Rethinking Java Concurrency: Why I Stopped Tuning Thread Pools

I still remember the panic of a Tuesday afternoon deployment back in 2022. Our dashboard turned a festive shade of red, and the logs were screaming one specific error over and over: RejectedExecutionException. We weren’t out of memory. We weren’t out of CPU. We were out of threads.

For years, my approach to Java Backend development involved a delicate dance of tuning thread pools. Set the core pool size too low, and throughput suffers. Set it too high, and the context switching overhead kills the CPU. It felt less like engineering and more like numerology. I spent hours tweaking ThreadPoolExecutor parameters, trying to find that “Goldilocks” zone for our Spring Boot services.

Fast forward to late 2025, and I rarely touch those settings anymore. The introduction and stabilization of Virtual Threads in recent Java LTS releases completely altered how I approach scalability. If you are still manually calculating optimal thread counts for I/O-bound applications, you might be doing unnecessary work.

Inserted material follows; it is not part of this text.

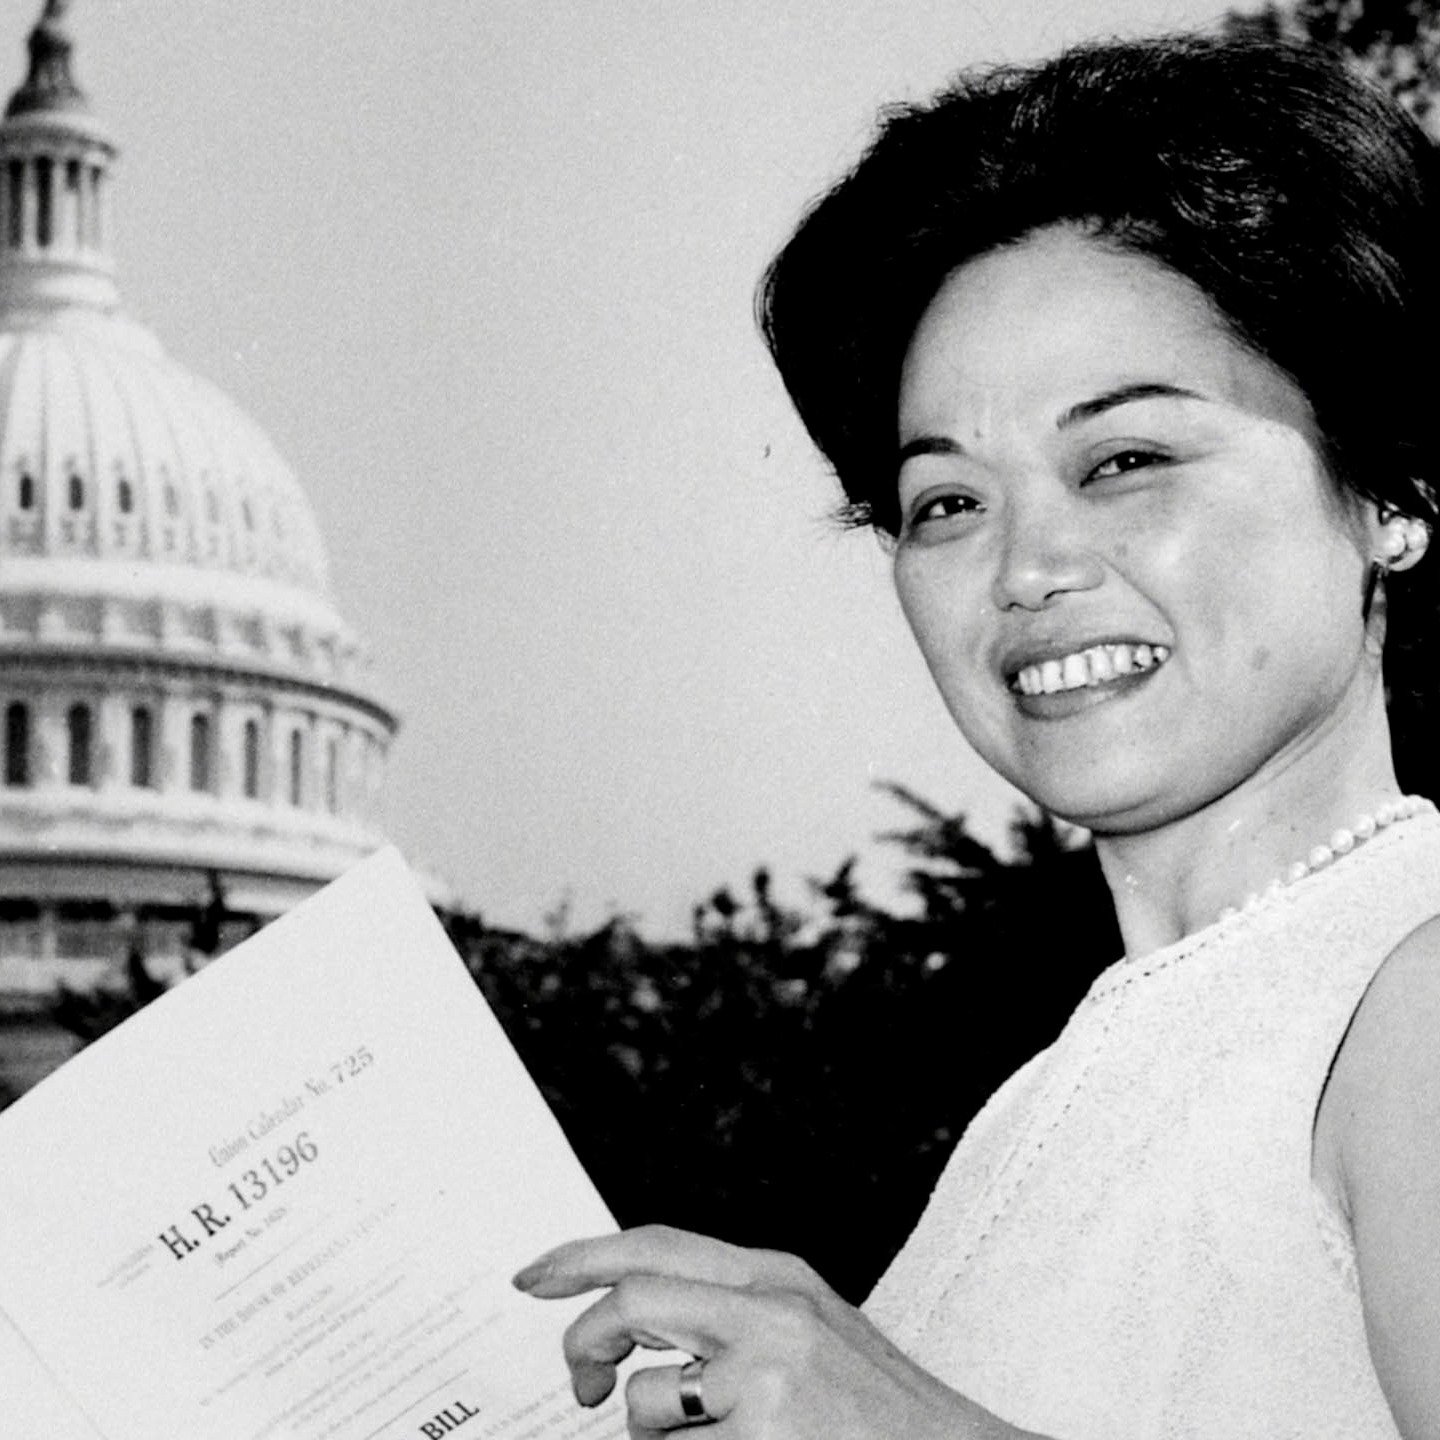 More 6pm film show previews

Told by her daughter Wendy, Mink! is the story of the remarkable Patsy Takemoto Mink, a Japanese American from Hawaii who became the first woman of color elected to the U.S. Congress, on her harrowing mission to co-author

The Heavy Cost of Platform Threads

To understand why I changed my workflow, we have to look at what we were actually doing before. In the traditional model (pre-Java 21), a java.lang.Thread was a thin wrapper around an operating system (OS) thread. This is a “Platform Thread.”

OS threads are expensive. They reserve a large chunk of memory for the stack (often 1MB or more), and the OS kernel has to schedule them. If you have a web server handling 10,000 concurrent requests, you can’t just spawn 10,000 platform threads. The server would crash. So, we used thread pools to cap the number of threads, forcing tasks to wait in a queue.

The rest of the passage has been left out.